They’re rude. They’re crude. They show up precisely where they’re not wanted and shout inappropriate, vulgar things. They not only make threats of violence, but engage in it as their preferred method of exercising their free speech rights. You know the type, right? What have they been up to lately?

When a political author hosts a book signing and speech, they shout him down, hound him from the stage and attempt to physically assault him.

Crowds of them gather, hurl eggs and shout obscenities at supporters of the other party’s candidates.

They deliver death threats to members of Congress and their families so serious that they are arrested by the FBI.

We all know who is being discussed here.
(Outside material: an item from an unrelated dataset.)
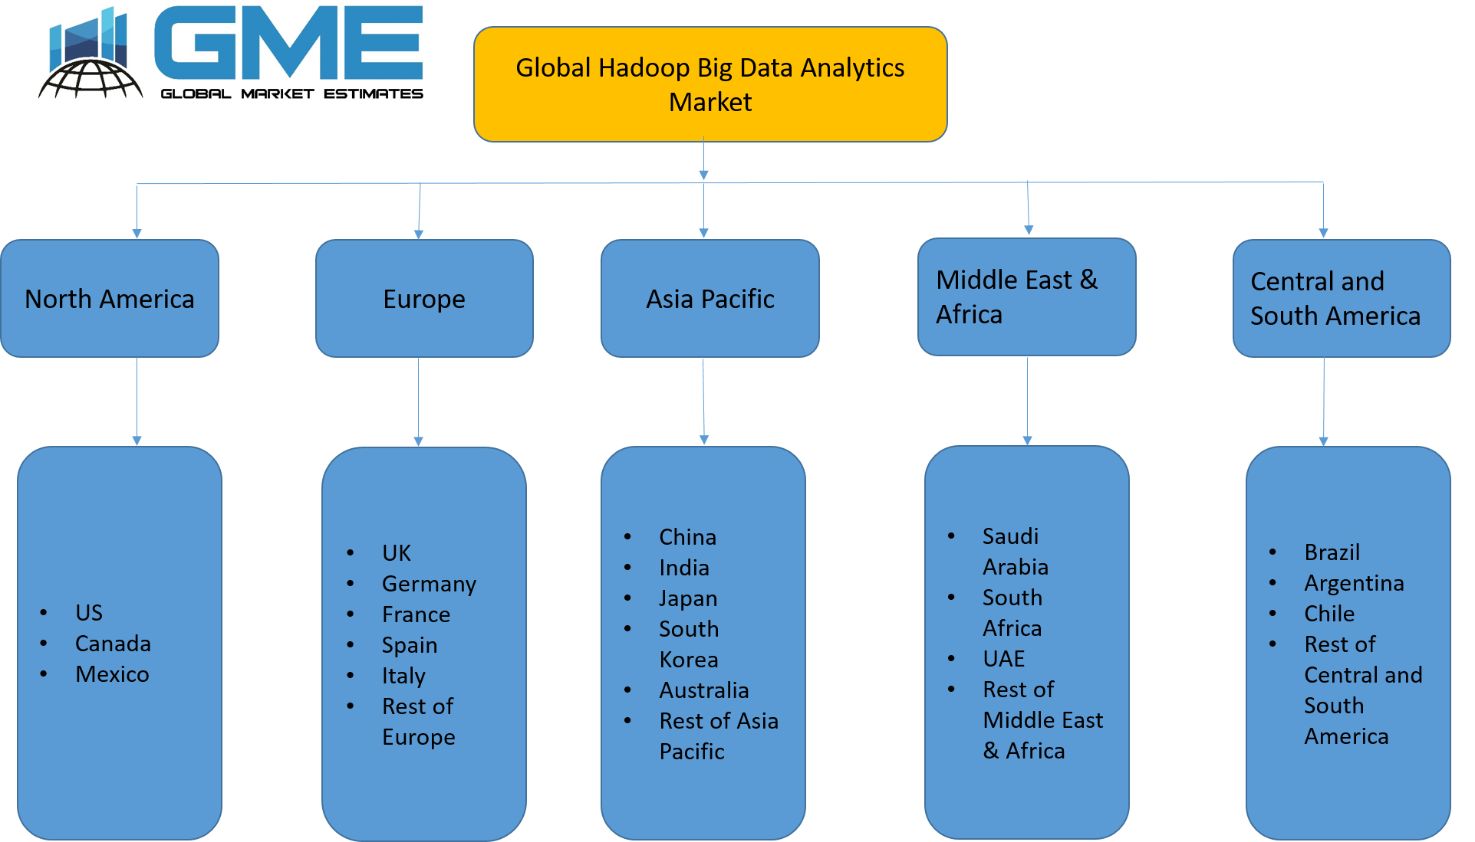 Global Hadoop Big Data Analytics Market Segmentation

The Democrats and the progressive liberal movement. From these and other examples we should readily be able to draw the general conclusion that liberal Democrats are violent people who wish to suppress the free speech of others and will stop at nothing to make sure they shut down their opponents, right?

If that sounds like an absurd leap off of the data wagon to you, you’re right. Taking tens of millions of engaged voters with a common set of goals and painting them with one brush based on the idiotic actions of a few bad actors is rather pathetic. And yet I’m hard pressed to click on the pages of any political blogs or news sites and not see the exact same type of generalizations being made about tea party activists and conservatives who gather to oppose Obamacare and support conservative candidates for office. (You know who you are.) Doesn’t this blind, one-sided distortion of reality give you a crick in your neck?

When 25,000 people gather together on the National Mall, you’re going to attract a couple of nuts. But when bloggers and cable news media types ignore 24,995 of them and focus exclusively on the handful who showed up holding a sign with a picture of a gun on it – as if that was the homogeneous tone of the entire event – you identify yourself as having the exact same level of credibility as the silly example I cited above.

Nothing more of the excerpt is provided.